В совместном исследовании норвежских и шведских коллег, посвящённом тому, как меры дерадикализации и предотвращения актов насилия и экстремизма воплощаются непосредственно на локальном уровне при взаимодействии с различными экстремистскими средами, отмечается, что вместо ожидаемой концентрации усилий на преодолении угроз, исходящих из исламистской среды, «насущная» и «видимая» угроза, в том числе для демократических институтов, исходила как раз от правоэкстремистских кругов. По сравнению с ясно различимой правой угрозой, исламистская угроза, напротив, представлялась более «спорадичной», «бессистемной» и «невидимой», но не менее смертоносной.
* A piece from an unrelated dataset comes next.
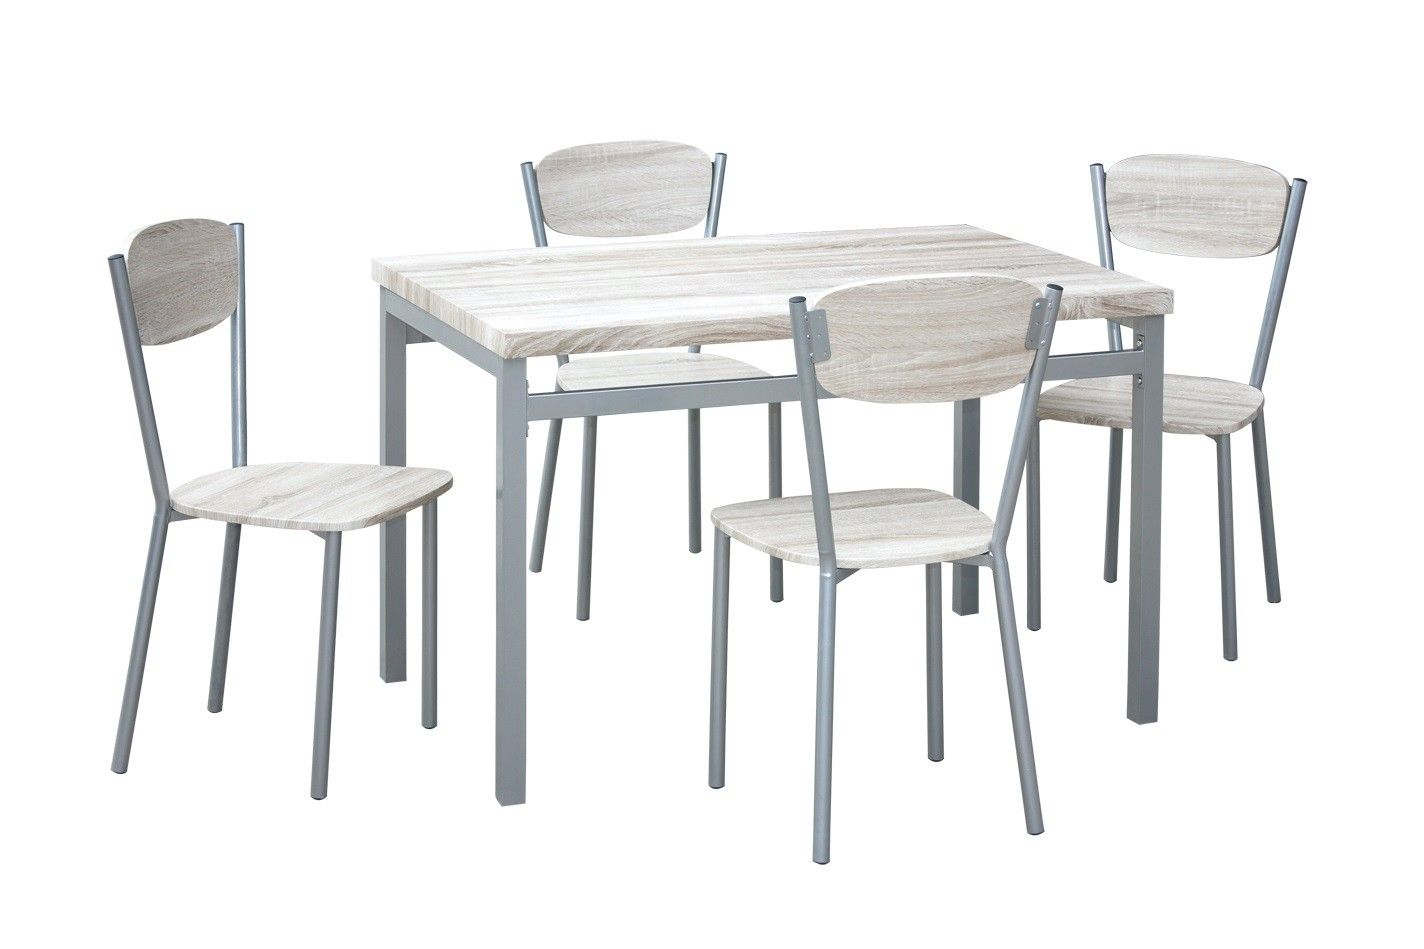 Chaise pas chere finest full size of chaise pas cher - Chaise cuisine pas chere ...

По итогам опроса, проведённого Центром исследований экстремизма при университете Осло в 2021 г., 60% норвежцев считают, что их общественные ценности сейчас крепче, чем до терактов 22 июля и что этим событиям было уделено достаточно внимания в общественных дискуссиях. Опрос также показал, что 71% населения Норвегии считают, что последствия терактов были успешно преодолены и что они не повлияли на свободу слова, но при этом 60% заявило, что власти недостаточно активно борются с правым экстремизмом. В то же время большинство опрошенных несогласно с тем, что причиной терактов стала массовая иммиграция, но 23% считает, что мотивация террориста отчасти была обоснована. Наконец, треть респондентов сочла, что Рабочая партия Норвегии использовала «22 июля» в политических целях. Норвежские исследователи приходят к выводу, что можно выделить три подхода к восприятию событий «22 июля».

Первый подход (его придерживается около 40% населения, главным образом голосующие за центристские партии) состоит в том, что нападению подверглась норвежская демократическая система, в целом, а не исключительно левые политические силы и что Норвегия успешно справилась с последствиями атак и укрепила общественные ценности. Второй подход (его разделяют 25% респондентов, а точнее левый и крайне левый электорат), напротив, утверждает, что именно мультикультурализм и левый фланг политической системы стали главной целью агрессии, что нужно принять дополнительные меры для борьбы с правым экстремизмом и продолжать политическое обсуждение «22 июля». Сторонники третьего подхода (уровень его поддержки составляет 8%, куда входят избиратели с крайне правыми взглядами и (или) отрицательно относящиеся к иммиграции, голосующие за небольшие праворадикальные партии, Партию прогресса и Консервативную партию) считают, что оценка «22 июля» слишком политизирована, указывая на иммиграцию как главную причину для атаки и использование терактов как повода для цензуры критики иммиграционных инициатив левых и левоцентристских правительств. Согласно третьему подходу, мотивация А. Брейвика имела рациональное зерно, но его действия заслуживают однозначного осуждения. Тем самым, по оценкам C-REX, устойчивого представления о произошедшем до сих пор не сложилось.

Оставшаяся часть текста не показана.